# Low tech stem plants



## SinkorSwim (20 Feb 2017)

Hello all,

As my experience with plants tends towards the Rhizomed variety with an occasional Lysimachia thrown in, I thought I would ask for some suggestions.

The tank is a 100L 71 x 31 x 46H CM and my plan will be for it to eventually house some Golden yellow sakuras; and the desired result would be to have a low tech planted tank with them.
Substrate is Modano which is a nice JBL clay based inert that pulls excess nitrates from the water column. According to my background reading.

My thoughts are Staurogyne repens, Juncus repens, Eleocharis pusilla, Pogostemon erectus, Limnophila sesiliflora as well as bacopa and rotala rotund. 
Plan is to dose with shrimp friendly TNC as per directions but that's as far as I've got. 

I've always played it ultra safe with plants and shrimp but would really like to see if I can encourage some simple but effective basic plants in a low tech environment that will allow some lovely coloured shrimps to live and even flourish.
Hopefully someone with experience will share their own methods or past results.
thanks in advance,

Allan


----------



## greenmac75 (20 Feb 2017)

Not had much experience with your list, but I had great success with Staurogyne repens low tech(eco complete and tnc).


----------



## AlbaAquarist (20 Feb 2017)

I don't have a wide experience with stem plants, however I've always had the best luck with Hygrophilia, (especially H. polysperma). It grows very well for me with low light and ferts. 
Others that do ok are Rotala rotundafolia, Limnophilia aromatica and Bacopa caroliniana, but they don't truly thrive. Stems that haven't done so well for me are Murdanna keisak, Staurogyne repens and Ludwigia glandulosa.

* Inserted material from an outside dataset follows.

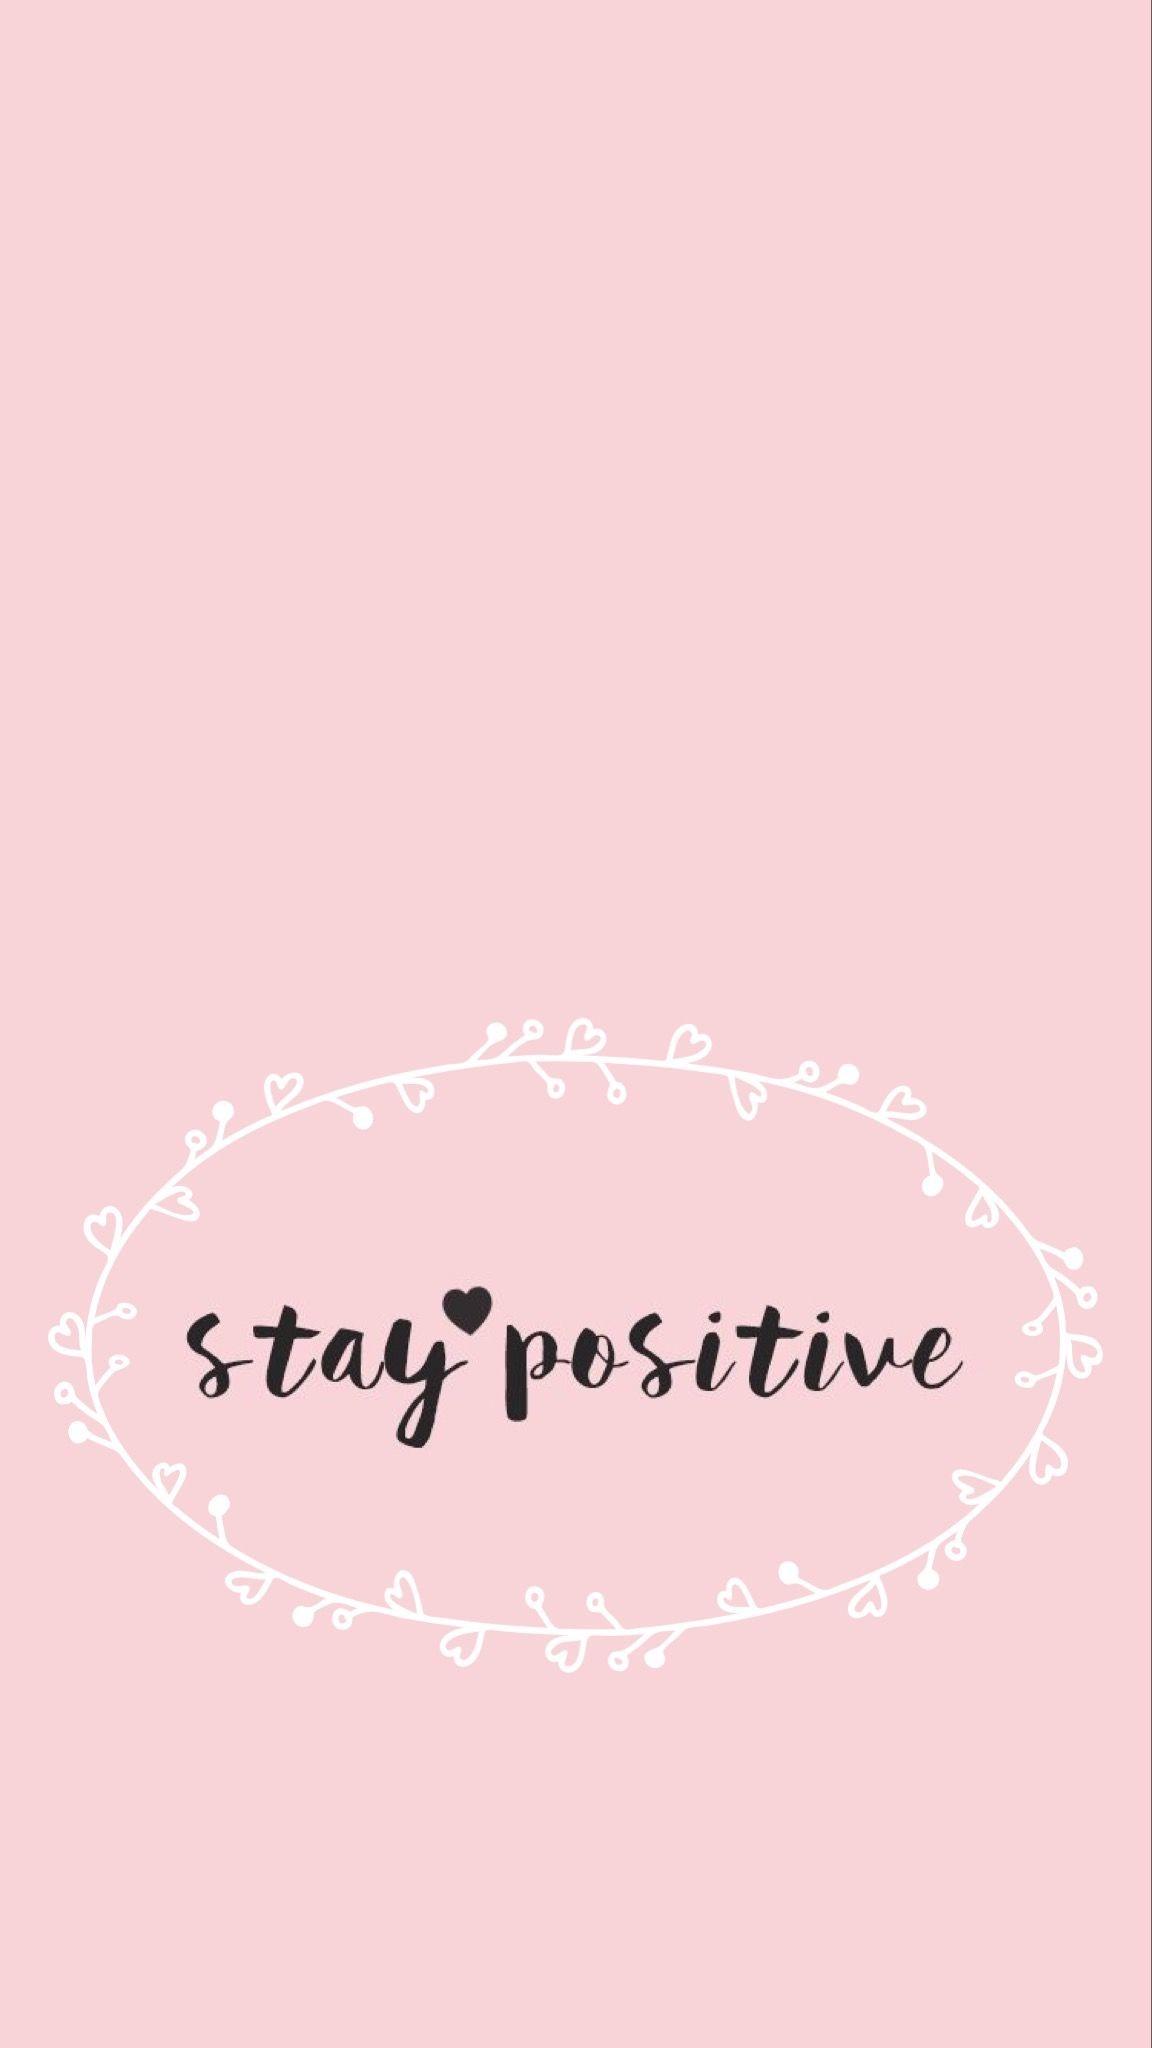 Aesthetic Quote Positive Wallpapers - Wallpaper Cave

These are all in low-tech tanks with limited ferts and in very soft water. The recently created Plant Database would be a good place to get a rough idea of 'easy' stem plants.


----------



## micheljq (20 Feb 2017)

Bacopas are easy to grow, but need good light to be pretty.  Limnophila sessiflora is very easy, however it shows all of its glory under a good light, being bushier with higher light.

Michel.


----------



## Nick Norman (20 Feb 2017)

I have Limnophila Heterophylla which grow fast and healthy. It is currently my favourite plant in my tank. My s. repens doesn't do to well, grows slow and the older leaves die off. Bacopa caroliniana and Rotala rotundafolia did well at first but as time went on there was more stem then leaf. I dose liquid carbon and 50% EI so lots of ferts, I think i might not have enough light and my water is very hard. They are supposed to be easy grow so i must be doing something wrong.


----------



## zozo (20 Feb 2017)

It is just very hard to say, i've beem exploring stemplants for low tech a while now and experience complete oposite results of what i read with many plants i tried.. A guess, is all there is.. One low tech aint the other regarding water parameters, light and substrate, stocking etc. And all this contribute to failure or success.

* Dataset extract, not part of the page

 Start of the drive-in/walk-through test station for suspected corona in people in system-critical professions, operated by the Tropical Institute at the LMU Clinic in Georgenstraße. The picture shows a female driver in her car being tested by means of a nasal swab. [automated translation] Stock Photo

I've tried Pogostemon erectus and it is no go, but red oposite reports all over the net. Hygrophilla no go for me, tried Limnophila aquatica, no go.. With Rotala's alread had issues with leggy growth in high tech at a somewhat shaded spot. Also Staurogyne repens did thrive in my high tech so not even going to try it in the low tech.

Bacopa and potamogeton gayi are the only stemplants i grew relatively good low tech.. The rest i tried all kinda failed or didn't grow pretty.. And all this on an inert substrate with additional fert tabs and water column ferts. Light? actualy can't realy say what i realy have, algae is my par meter.. If it grows to much i have to much. That's how i measure my light intensity. As for now, to keep my low tech algae free, means keep it stemplant free. 

Yet one thing i haven't tried for low tech and that is soil (dirted) substrate..  In a way i have a hunge this is the substrate with the most garantied succes over all for a low tech tank when it comes to plants in general and probably especialy stemplants.


----------



## Maple (20 Feb 2017)

I am using the JBL Modano at the moment, and it works really well, but I dose a third of EI (dry salts) from the start. It is, what I would call, a low tech tank but with ferts and liquid carbon.

In my tank crypt. balansae, limnophia aromatica, Hygrophila polysperma, Helanthium quadricostatus, and Hydrocotyle sp Japan grow really well. Staurogyne repens quite well. I have Bacopa australis and it is not doing great, but growing, so I would try different types of bacopa. I also found Hygrophila corymbosa easy, but H. pinnatifida would not grow in my tank.


----------



## AlbaAquarist (20 Feb 2017)

zozo said:


> One low tech aint the other regarding water parameters, light and substrate, stocking etc. And all this contribute to failure or success.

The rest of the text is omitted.